▶ [PROBLEM STATEMENT]
Nothing but the lines from the one that holds "Stüssy & Nike" through the end of the material should be repeated, each exactly as it stands, and pictures stay out.

Start of INFORMATION SHOWN

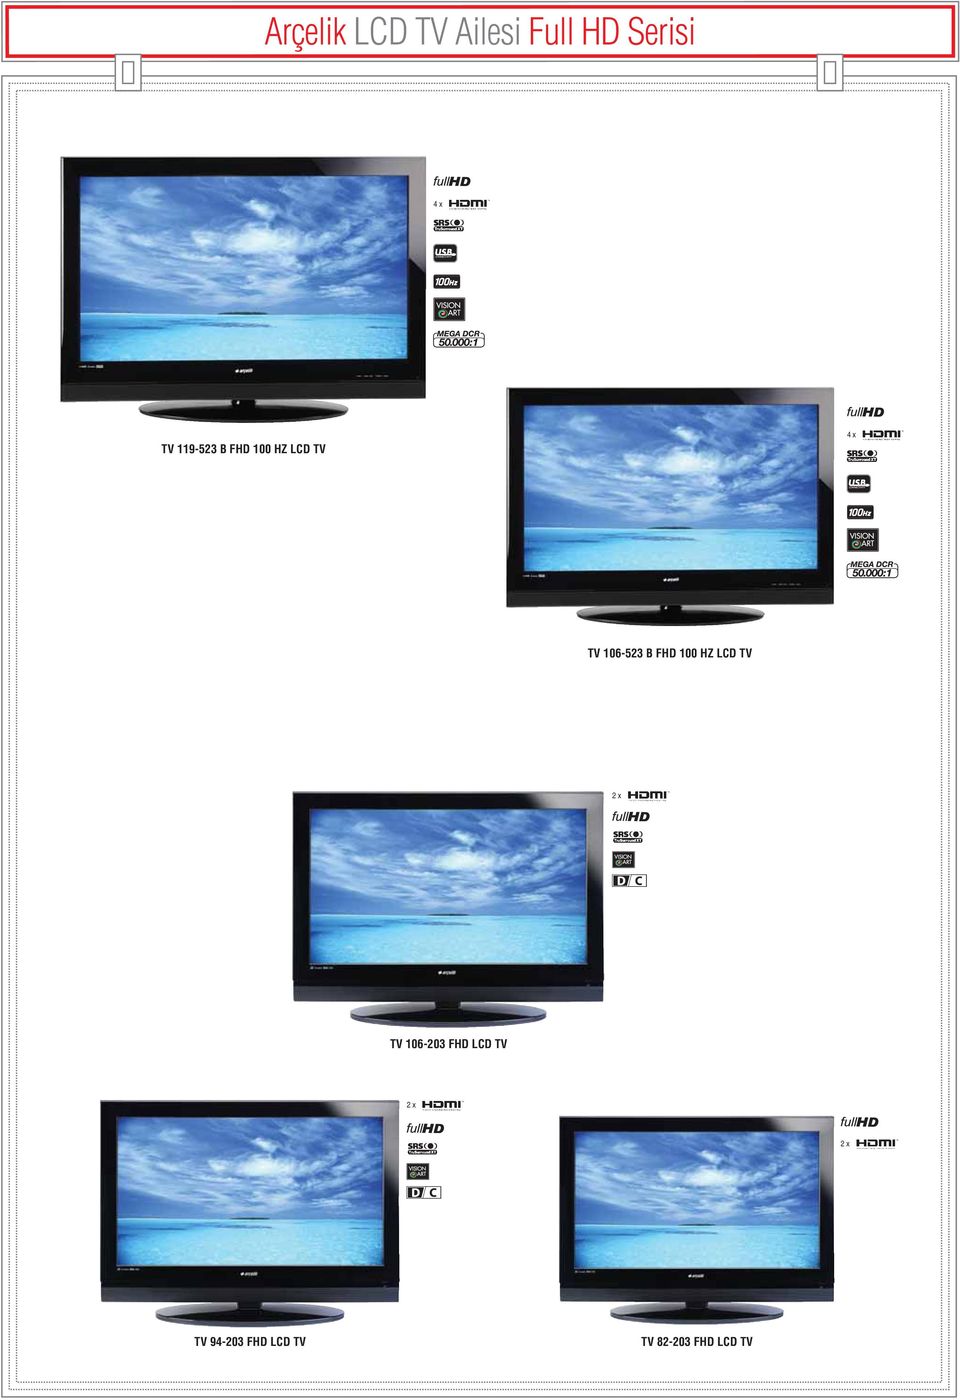 FHD 100 HZ LCD TV 2 x TV 106-203 FHD LCD TV 2
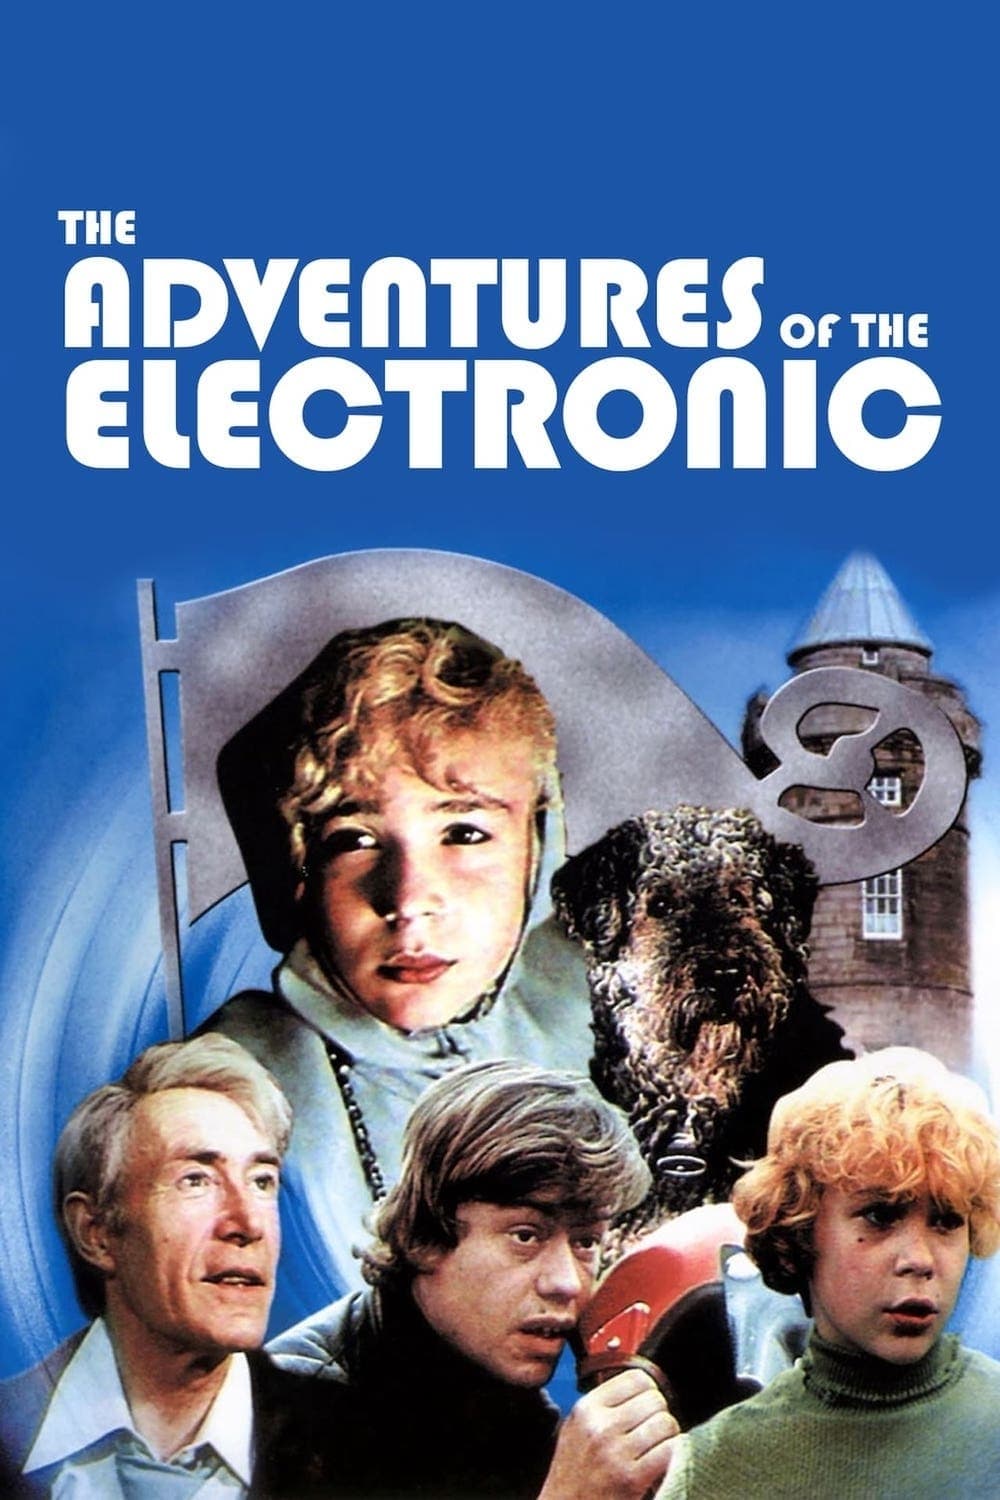 Приключения Электроника (1980)
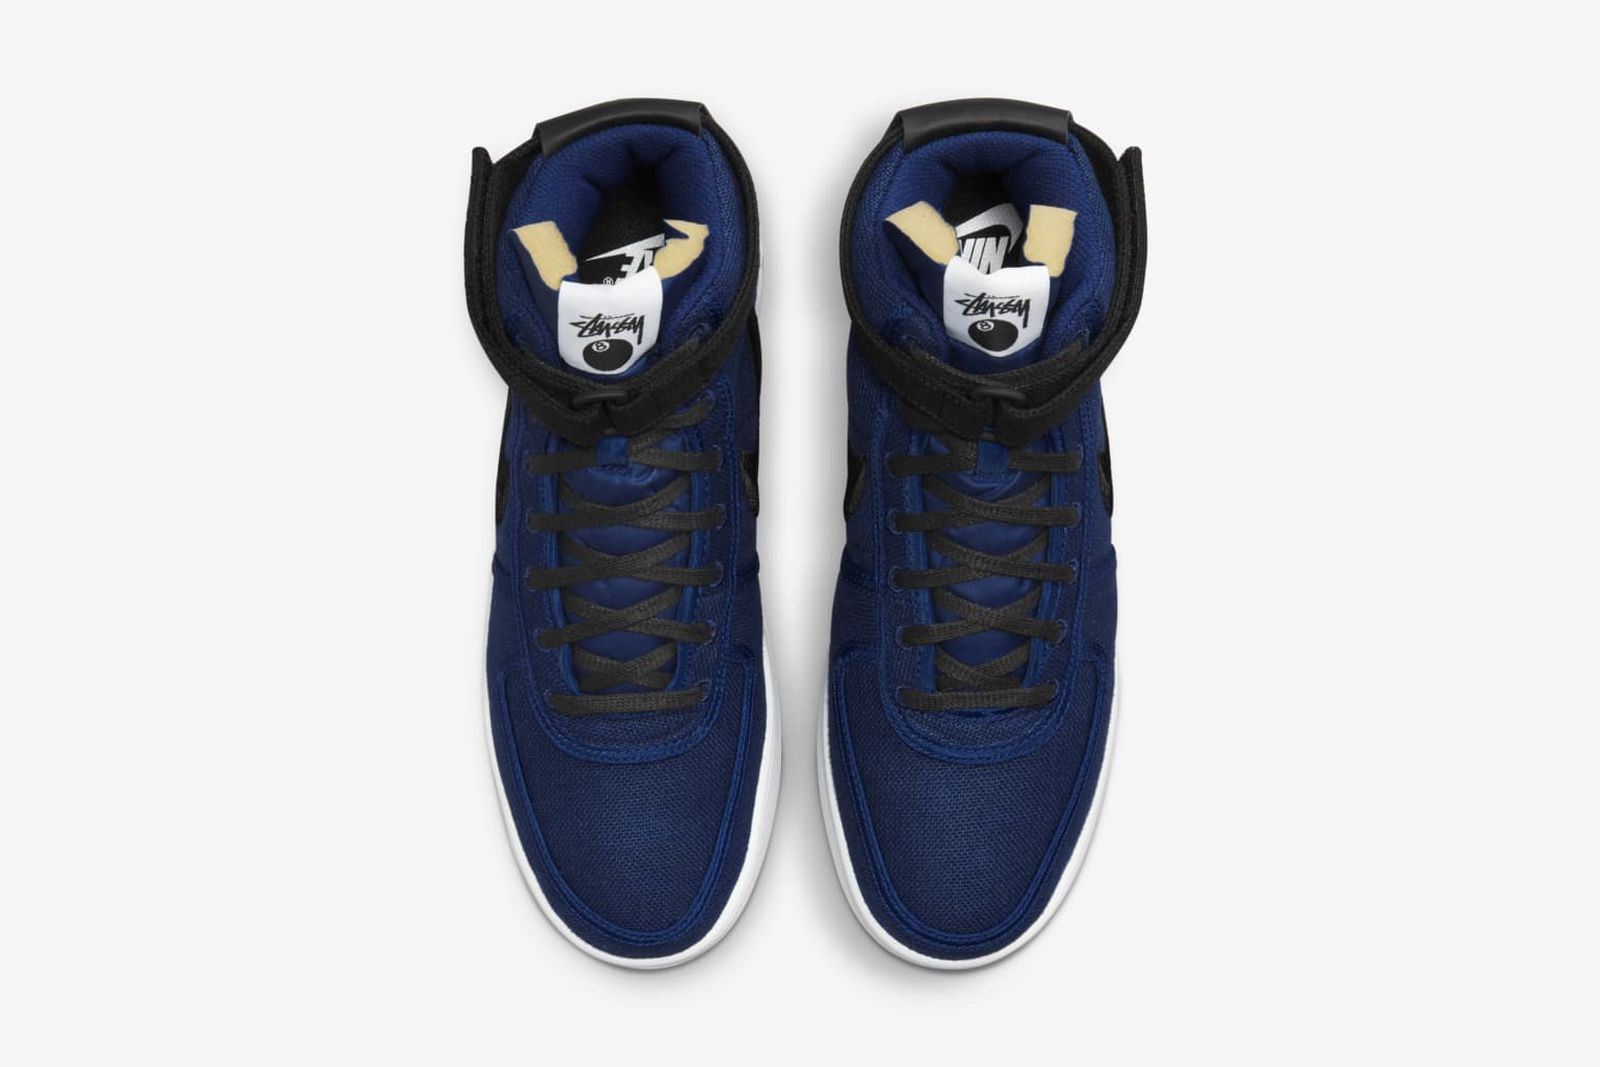 Stüssy & Nike to Drop Vandal Sneaker Collab in Textural Hemp
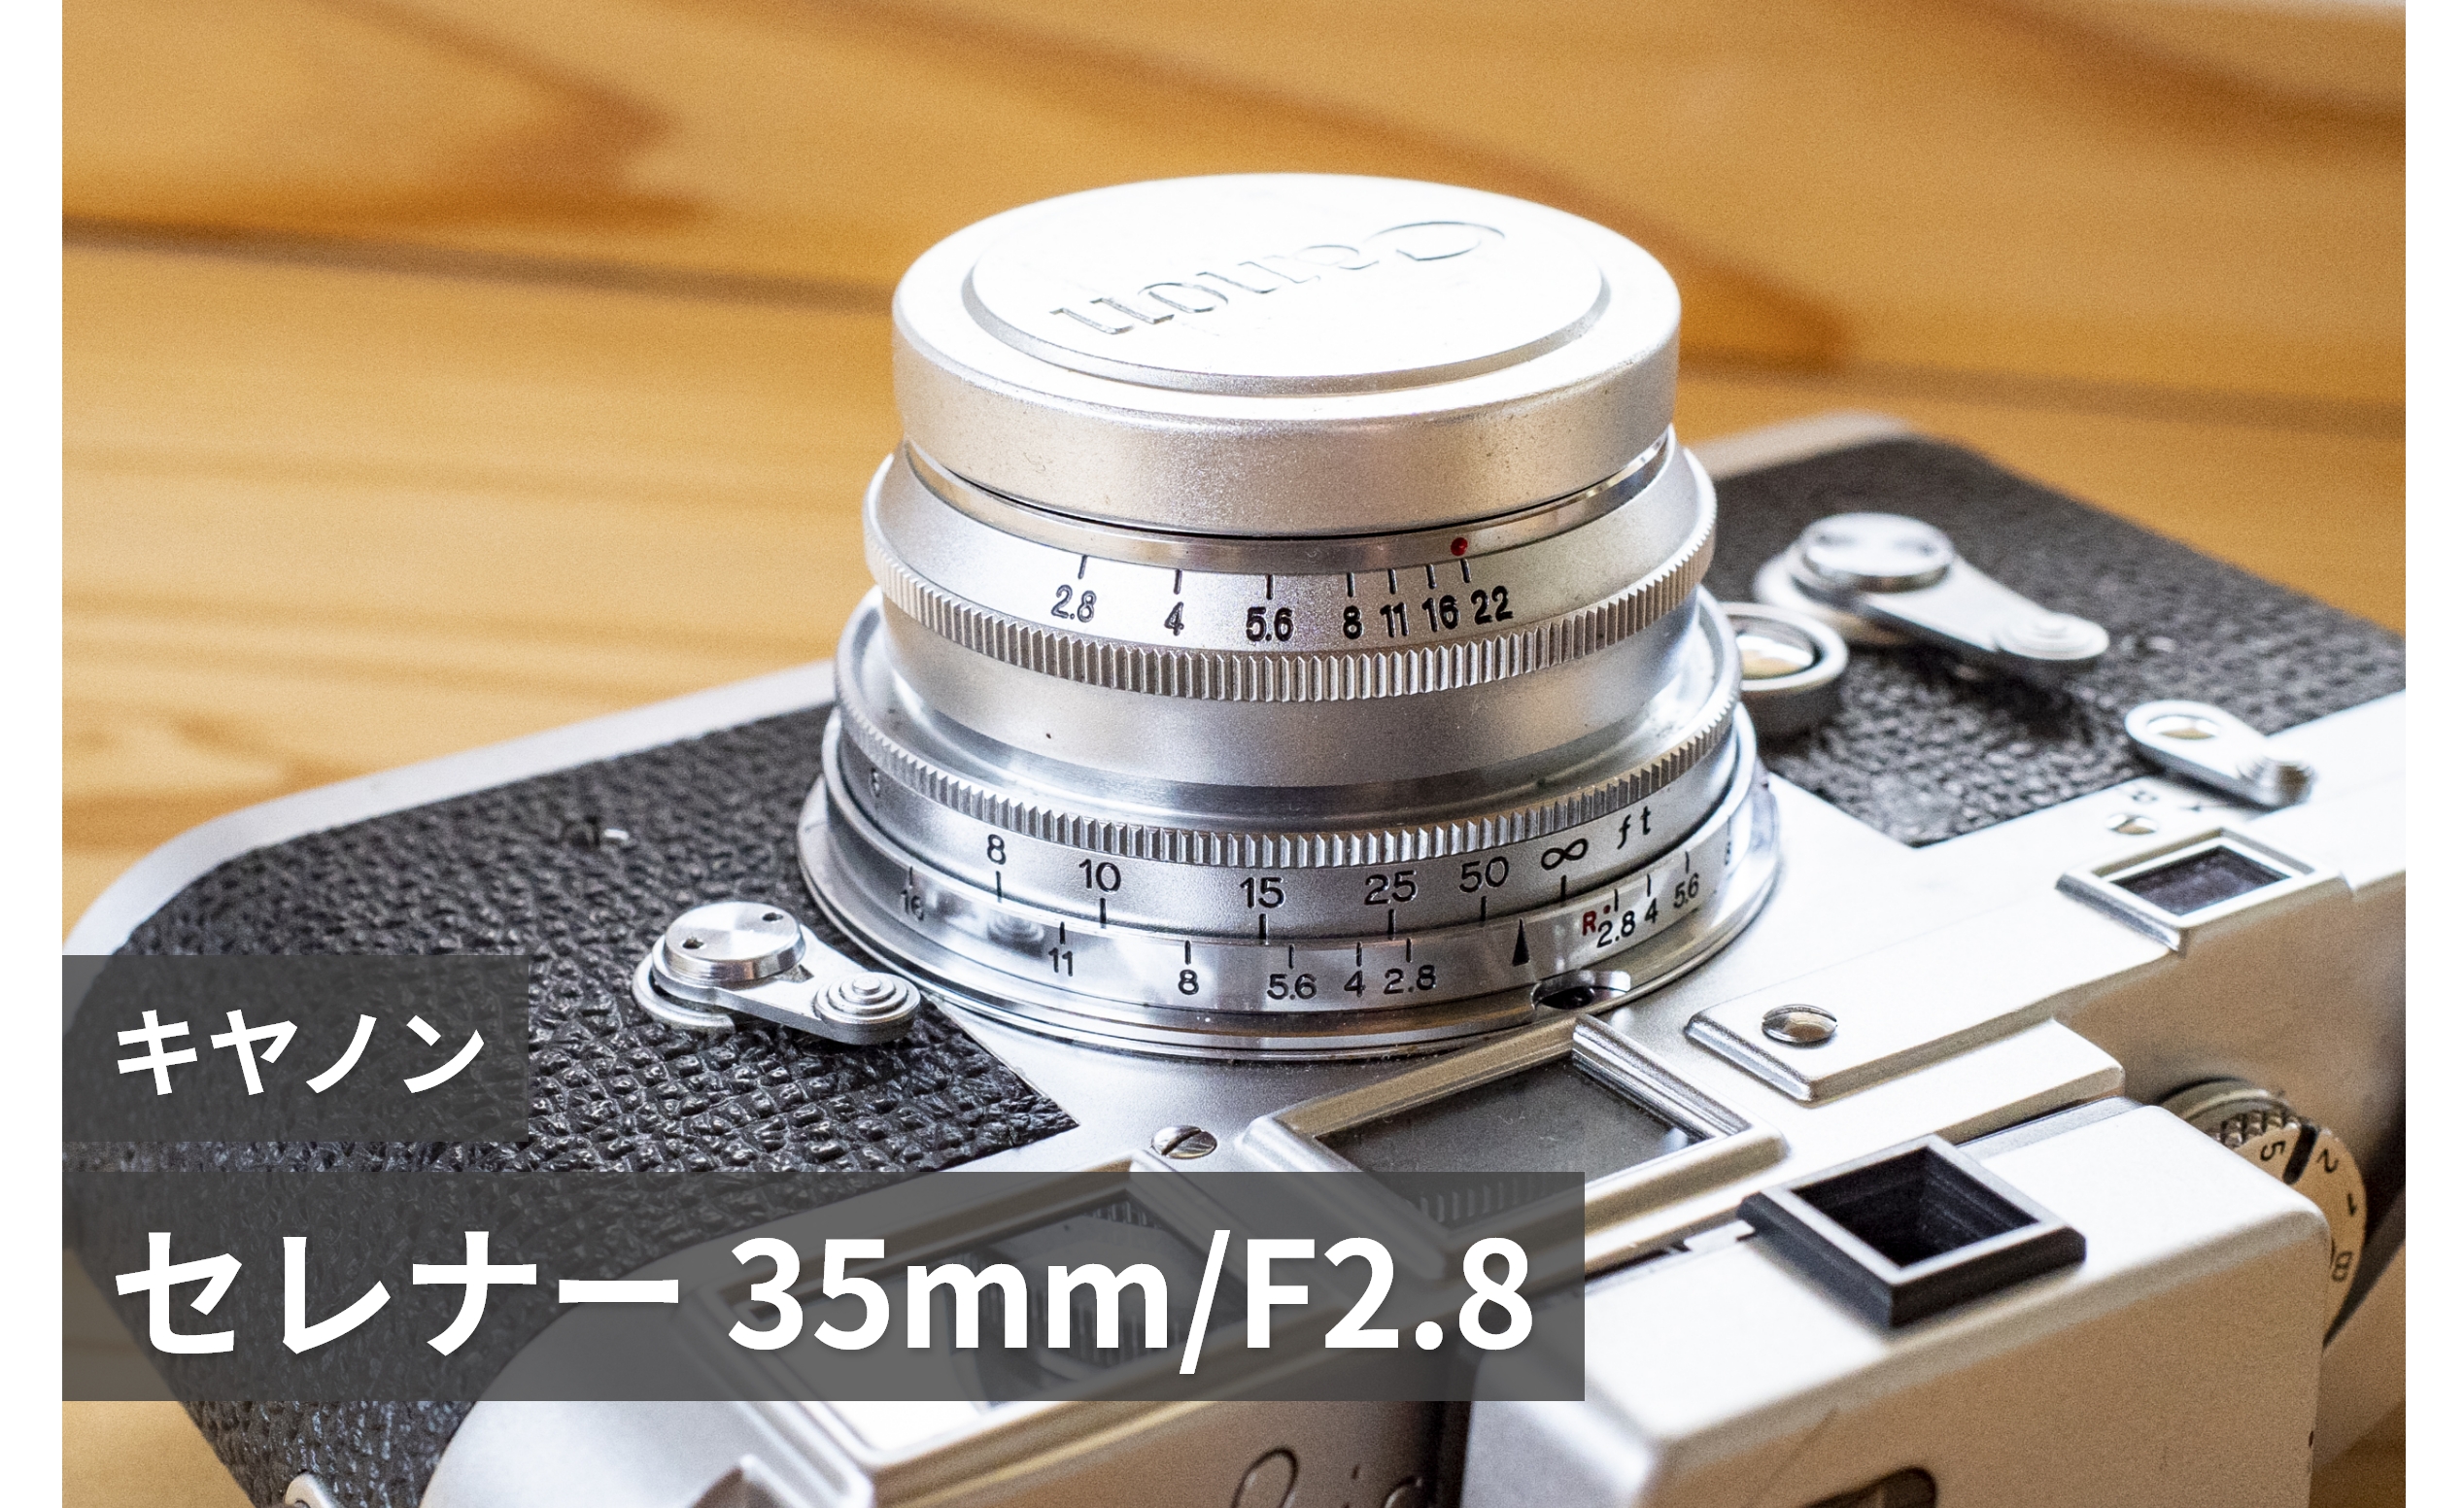 キヤノン セレナー 35mm F2.8L 】ヨーロッパ旅行用に広角レンズが

End of INFORMATION SHOWN

▶ [RESULT OF THIS TASK]
 Stüssy & Nike to Drop Vandal Sneaker Collab in Textural Hemp
 キヤノン セレナー 35mm F2.8L 】ヨーロッパ旅行用に広角レンズが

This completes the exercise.